Há tempos encontrei na internet, na biografia de Sundance Kid - que vai ser o amigo inseparável de Butch- uma frase do
próprio, 'qualificando-se': “Sundance Kid, profissão:
fora de lei”. Adorei o seu sentido do humor!
Bem,
mas voltando ao que conta Chatwin:
“Butch
(…) aos 18 anos pensava que os seus inimigos naturais eram os grandes
rancheiros de gado, o caminho de ferro e os bancos, dizendo a si mesmo que o
direito se encontrava do lado errado da lei”. (idem, pg. 69)
Nascera
em Beaver, no Utah, a 13 de Abril de 1866. Chamava-se Robert LeRoy Parker e os pais tinham vindo de
Inglaterra, ainda crianças, e chegaram ao Oeste numa caravana de Mormões.
A mãe
era de ascendência escocesa. Foram sempre pobres, muito pobres, e tinham 11 filhos. Talvez
por isso Butch tenha abandonado a casa e tenha largado o trabalho em que se
esfalfava a trabalhar para os outros por uma paga de miséria. E, por isso mesmo, numa bela manhã, do ano de 1884, tenha
decidido partir!
“Esta sua partida coincidiu com a época
dourada dos ricos ranchos (…) dos ‘cow-boys’ a viver uma vida de privações; dos
barões do gado que pagavam salários miseráveis e tiravam dividendos da ordem
dos 40% para os accionistas; (…) dos pequenos almoços com champagne no ‘Cheyenne
Club’. (in Patagónia, pg.70)"
As
privações vão-no empurrando para a frente. Assim, nessa bela manhã de Junho, anuncia
à mãe que vai trabalhar para as minas de Telluride,
despede-se dela e da irmã bébé - e lá se
foi!
“E sumiu de suas vidas, a cavalo”,
conclui Chatwin. Nessa noite, o pai conta, desolado, que ele fugira depois de ter
roubado umas cabeças de gado a um rancheiro!
É
a partir daí que se vai chamar Butch Cassidy e vai ser procurado pela polícia.
E torna-se numa lenda!
Os
tempos correm e tudo muda. E chega o Grande Inverno de 1886-1887 que mata mais
de três quartos do gado daquela zona.
“A avidez, ligada à catástrofe natural, vai
dar origem a outro tipo de ‘cow-boy’ marginal, o dos homens reduzidos à
clandestinidade e ao roubo de gado, devido ao desemprego. (…) E à fome. ”
Pelo
Oeste esses “desesperados” profissionais
criam quadrilhas de ladrões de gado, de assaltantes de bancos. Porque a verdade
é que nada têm a perder! Butch Cassidy vai ser um deles.
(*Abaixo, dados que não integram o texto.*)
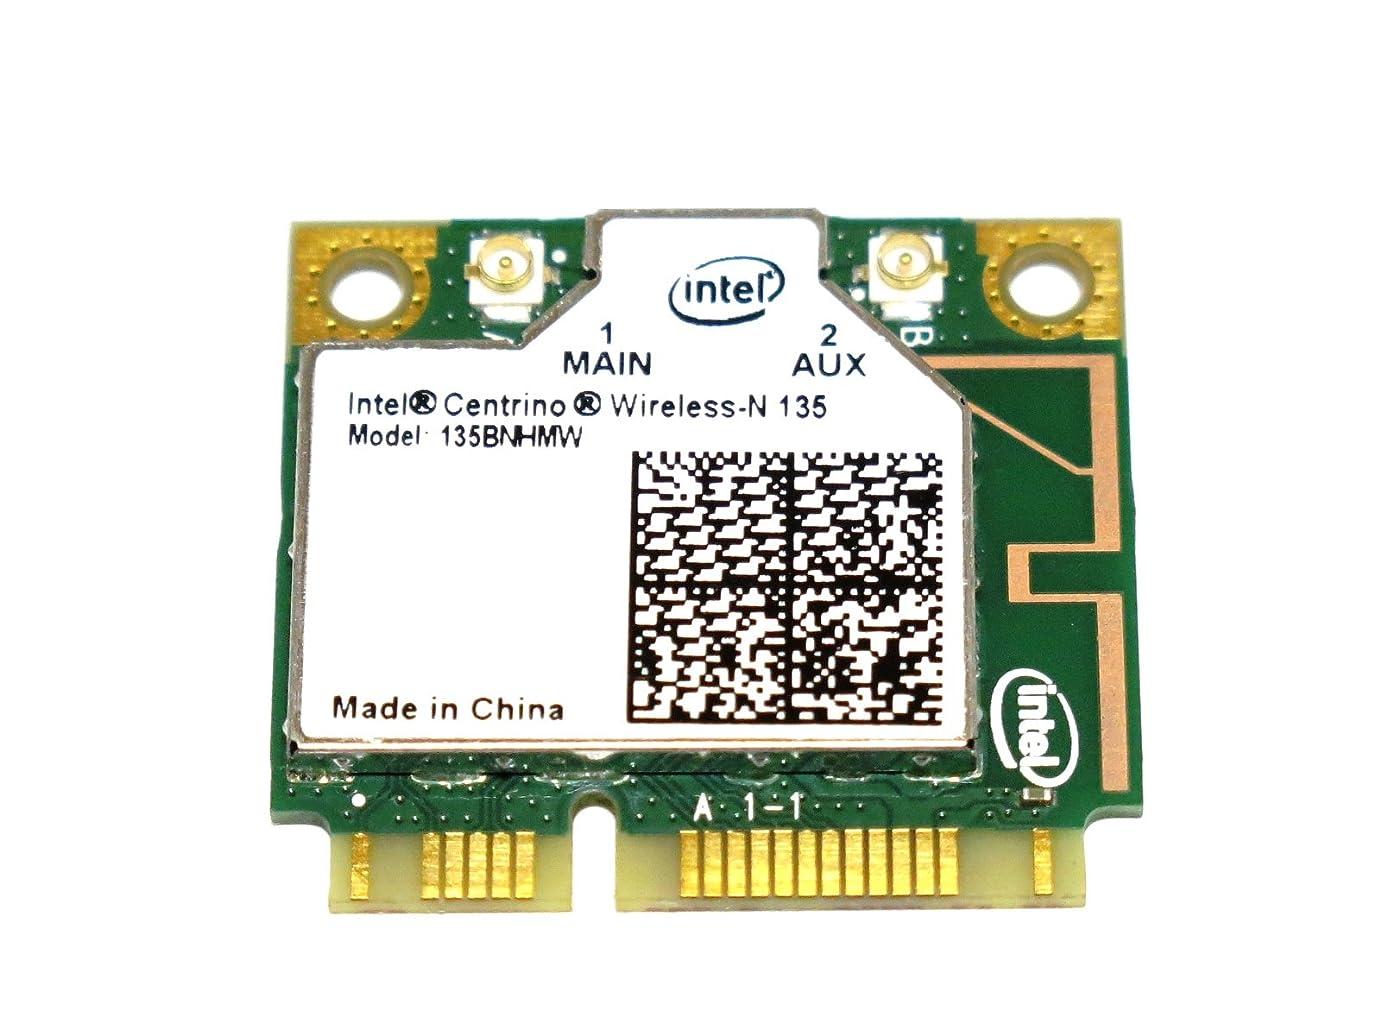 Intel Centrino Wireless-N 135 802.11bgn 150Mbps + Bluetooth 4.0 135BNHMW

“Durante aqueles anos, foi vaqueiro, domador
de cavalos selvagens, marcador de gado, assaltante de bancos a meio tempo, mas
era como chefe de quadrilha que os xerifes das redondezas o temiam”.
Em
1894, é preso, acusado de roubar um cavalo que não tinha roubado e que no
máximo valeria uns 5$. Um pretexto, no fim e ao cabo. E passa dois anos na
penitenciária de Wyoming.
Em 2 de Junho de 1899 a quadrilha roubou o Union Pacific Overland Flyer perto de Wilcox, Wyoming, um roubo que ficou famoso e que resultou numa enorme caça ao homem. Muitos homens da lei notáveis da época participaram na perseguição aos ladrões mas não os conseguiram apanhar.
"A
pena e a prisão injusta azedaram ainda mais as suas relações com a lei e, de
1896 a 1901, o seu Sindicato de Ladrões
de Comboios (sic), mais conhecido
pela Wild Bunch (Quadrilha Selvagem),
cometeu uma série de assaltos executados na perfeição”(wikipedia).
É
aí que entra na corrida a Agência de Detectives Pinkerton, com a sua divisa "nunca estamos a dormir"!
A verdade é que
Butch Cassidy era adorado pelos fazendeiros pobres e era capaz de pagar a renda
de uma pobre viúva - depois de ter roubado o cobrador das rendas. Paradoxos dos
que procuram a justiça na vida…
E diga-se a verdade: Butch Cassidy nunca matou
ninguém. E sentia remorsos quando pensava nos mortos que a quadrilha ia matando.
Mas
até esses belos tempos do “Wild Bunch” passaram. As fronteiras são mais
seguras, os cavalos da polícia mais velozes. A Agência Pinkerton (**) põe a polícia
montada dentro dos vagões de gado. Muitos filmes se fizeram sobre essas vivências!
Lembro o de Sam Peckinpah, “Wild Bunch”, de 1969, e, mais tarde, "Pat Garrett e Billy the Kid" (1973), filmes de grande violência.
Muitos
foragidos são mortos. Outros preferem esconder-se nas cidades. Alguns amigos de
Butch morrem em brigas nos saloons, abatidos por pistoleiros profissionais que
“vigiam” o jogo. Ou são metidos detrás das grades.Outros, ainda, alistam-se no
exército dos Usa...
O
que resta a Butch? Cumprir uma longa pena de prisão que o espera ou fugir para a Argentina? O destino vai decidir por ele...
George Roy Hill: 'Butch Cassidy e Sundance Kid’ (1969)
Em
1901, em Nova Iorque, encontra Sundance Kid e a namorada, Etta Place. O
trio especializa-se em outro tipo de assaltos e depois decidem fugir para a Argentina! A escolha estava feita!
Soundance Kid e Etta Place (1900)
E
vão continuando pela América do Sul, praticando assaltos não só na Argentina, como
na Bolívia, Peru e Chile. A presença dos três é confirmada nesses lugares entre 1902 e 1907.
Diz-se
que Butch morre na Bolívia, em San Vicente, a 7 de Novembro de 1908, morto pelo exército boliviano
- mas a verdade nunca se soube.
Filmes
sobre esta figura lendária:
1969,
‘Butch Cassidy e Sundance Kid’, de George Roy Hill com Robert Redford e Paul
Newman;
1979,
‘Butch e Sundance Kid: os tempos da juventude’, de Richard Lester, com Tom
Berenger;
2011,
“Blackthorn” (Os Implacáveis), do realizador espanhol Mateo Gil, com Sam
Shepard, filmado na Bolívia, em que Butch Cassidy é perseguido até à fronteira gelada pelos homens do sheriff, implacável.
(*) O livro "Na Patagónia" foi publicado em 2004 pela 'Quetzal', na colecção Serpente Emplumada.
(**) "A maior parte dos contratos da 'Agência Pinkerton' girava em torno de evitar que
grevistas (principalmente líderes sindicais) ocupassem ou se aproximassem das
fábricas em que trabalhavam. Fundada por Allan Pinkerton.
O incidente mais famoso da agência nessa área de actuação
foi o da greve de Homestead de 1892, quando centenas de agentes da Pinkerton forçaram violentamente o fim de uma greve, matando nove pessoas." (wikipedia).